Helfen in der Corona-Krise

US-Arztserien spenden Masken und Schutzkleidung

Atemschutzmasken sind oftmals Requisiten in Arztserien - und sehr nützlich im Ernstfall. Foto: Karl-Josef Hildenbrand/dpa FOTO: Karl-Josef Hildenbrand

Los Angeles. Trost in finsteren Zeiten geben, das ist einer der wichtigsten Regeln in Arztserien. Dass das auch im echten Leben funktioniert, beweisen jetzt die Macher mehrerer Blockbuster aus der TV-Welt.

Millionen verfolgen die dramatischen Abenteuer von Ellen Pompeo als Dr. Meredith Grey und vielen anderen TV-Ärzten. Die Crews der Lebensretter aus dem Fernsehen tun in Corona-Zeiten jetzt aber auch im echten Leben etwas Gutes.

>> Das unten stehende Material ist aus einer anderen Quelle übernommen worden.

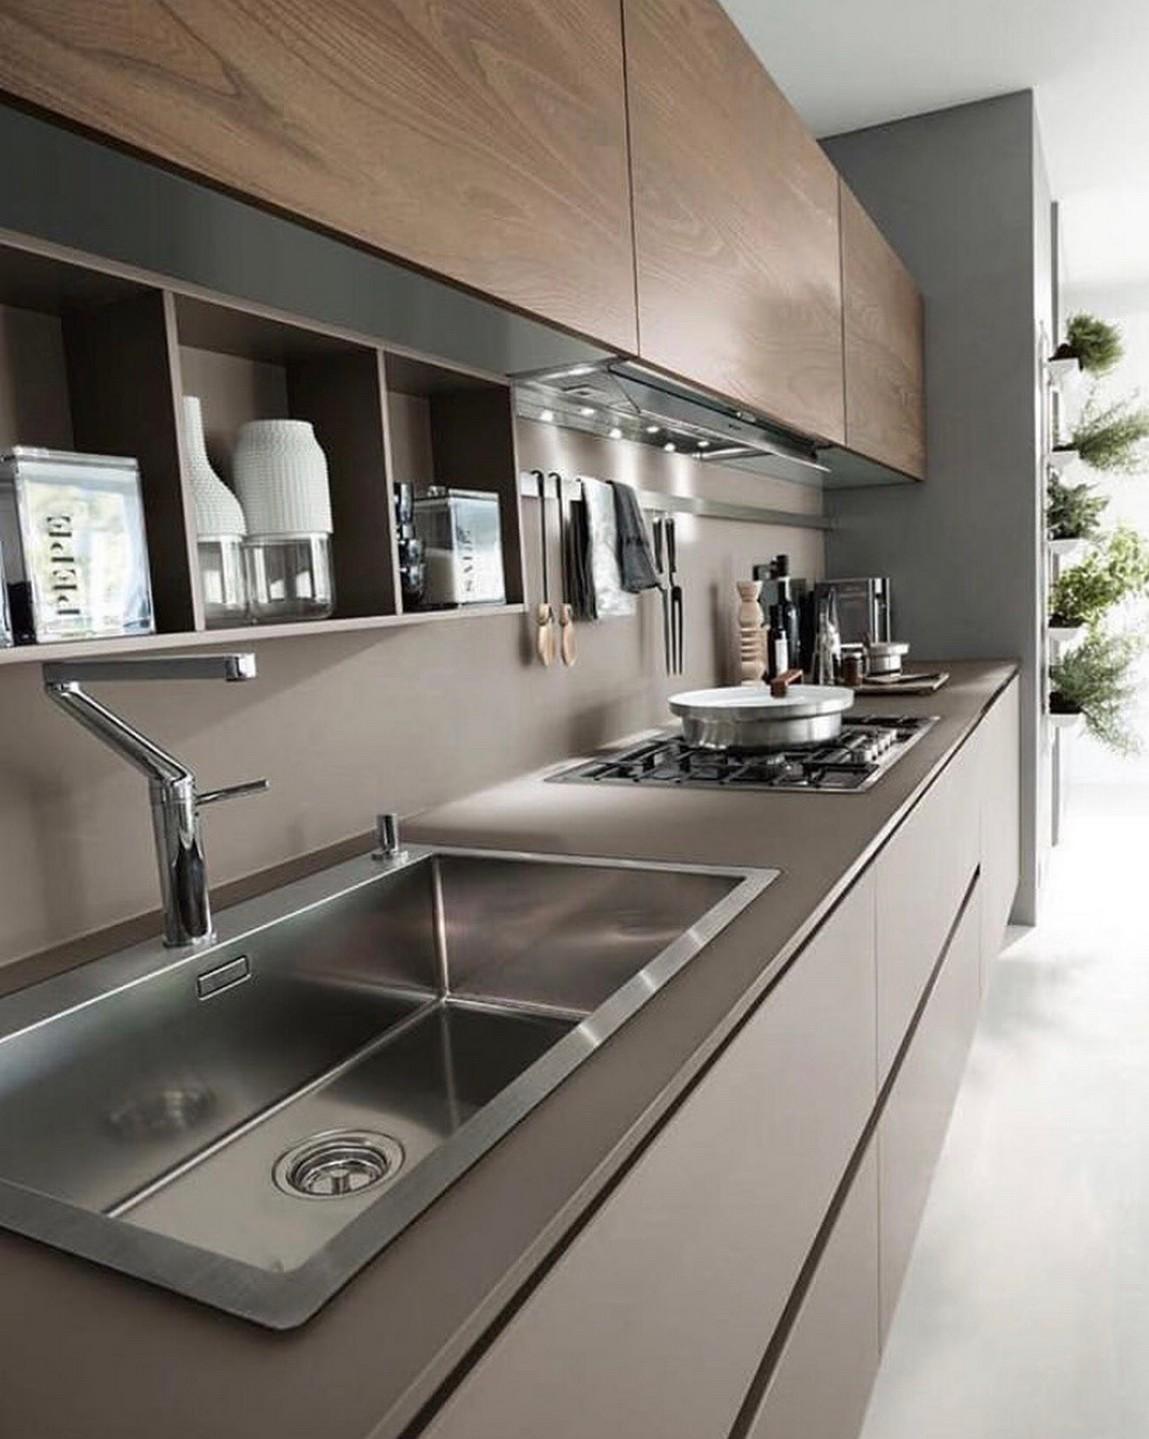 34+ Great Kitchen Idea
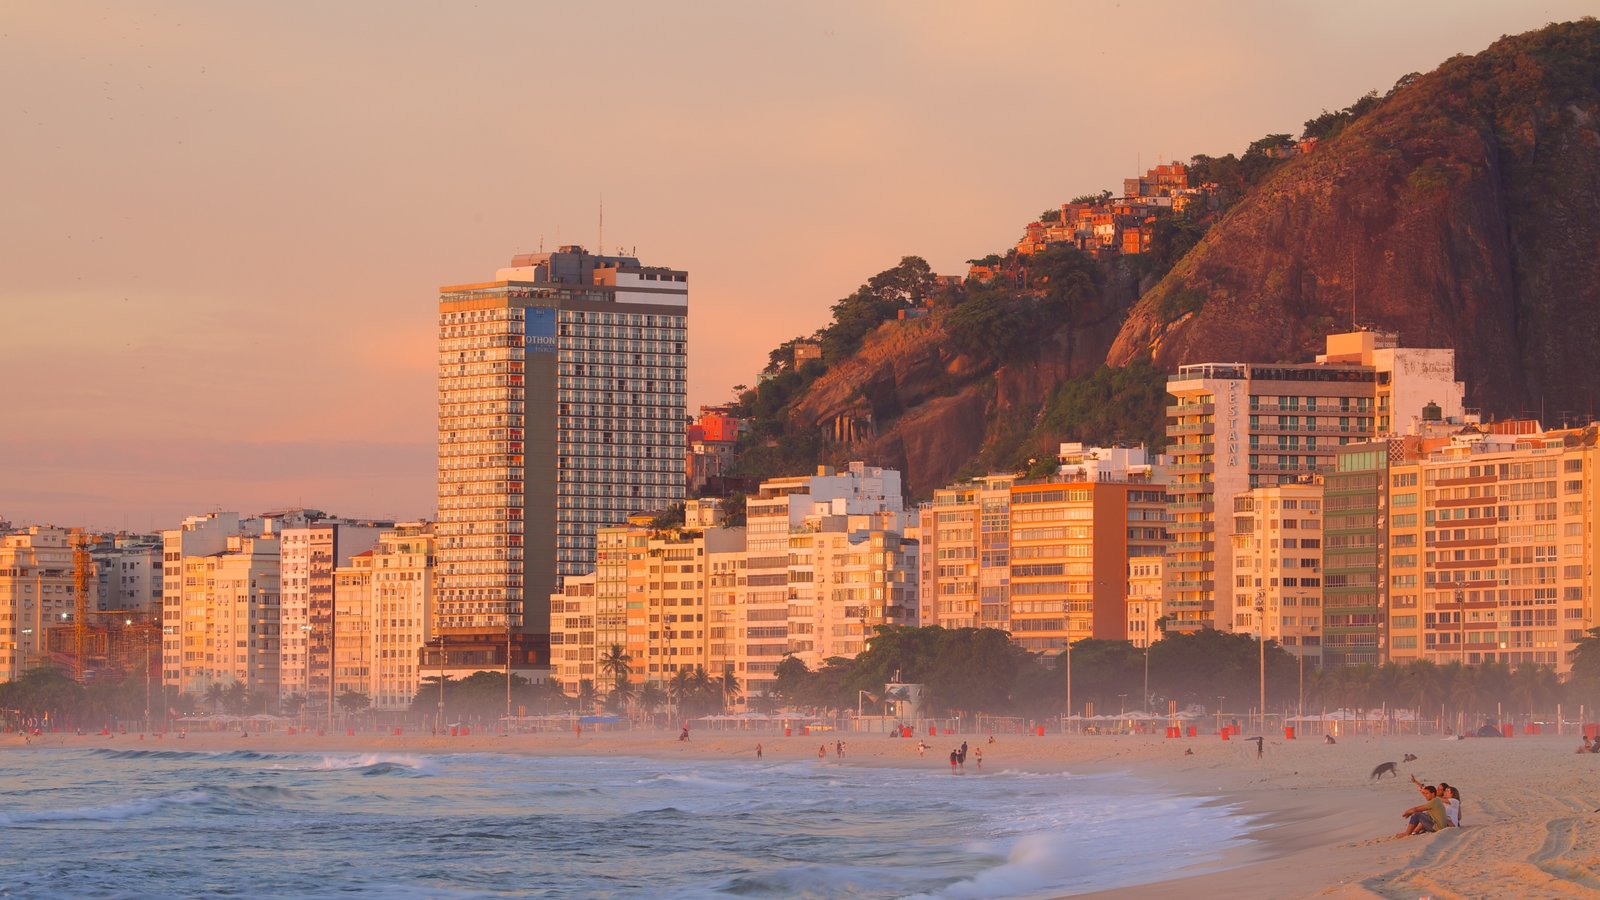 Praia de Copacabana que inclui uma praia de areia e uma cidade litorânea

Zwar sind die Dreharbeiten für Serien wie „Grey's Anatomy“, „Pose“ oder „Seattle Firefighters – Die jungen Helden“ vorerst eingestellt, doch die Macher mehrerer Produktionen sind noch einmal aktiv geworden und haben lebenswichtige Requisiten eingesammelt. Bei steigender Zahl von Covid-19-Erkrankungen in den USA und Knappheit von Atemschutzmasken, Handschuhen und Schutzkleidung helfen Krankenhausserien mit eigenen Utensilien aus, die sonst bei Dreharbeiten zum Einsatz kämen.

Ein Lastwagen voll mit Hilfsmittel-Spenden der Serien „Grey's Anatomy“ und „Seattle Firefighters“ (im US-Original „Station 19“) wurde an einem Universitätskrankenhaus in Los Angeles abgeliefert, wie der Sender „ABC11“ berichtete. Solche Artikel zum Schutz der Ärzte und Helfer vor einer Ansteckung mit dem Virus seien unglaublich wichtig, sagte die Ärztin Dr. Kimberly Shemanski. Vielerorts klagen Helfer in den USA über Engpässe bei der Versorgung.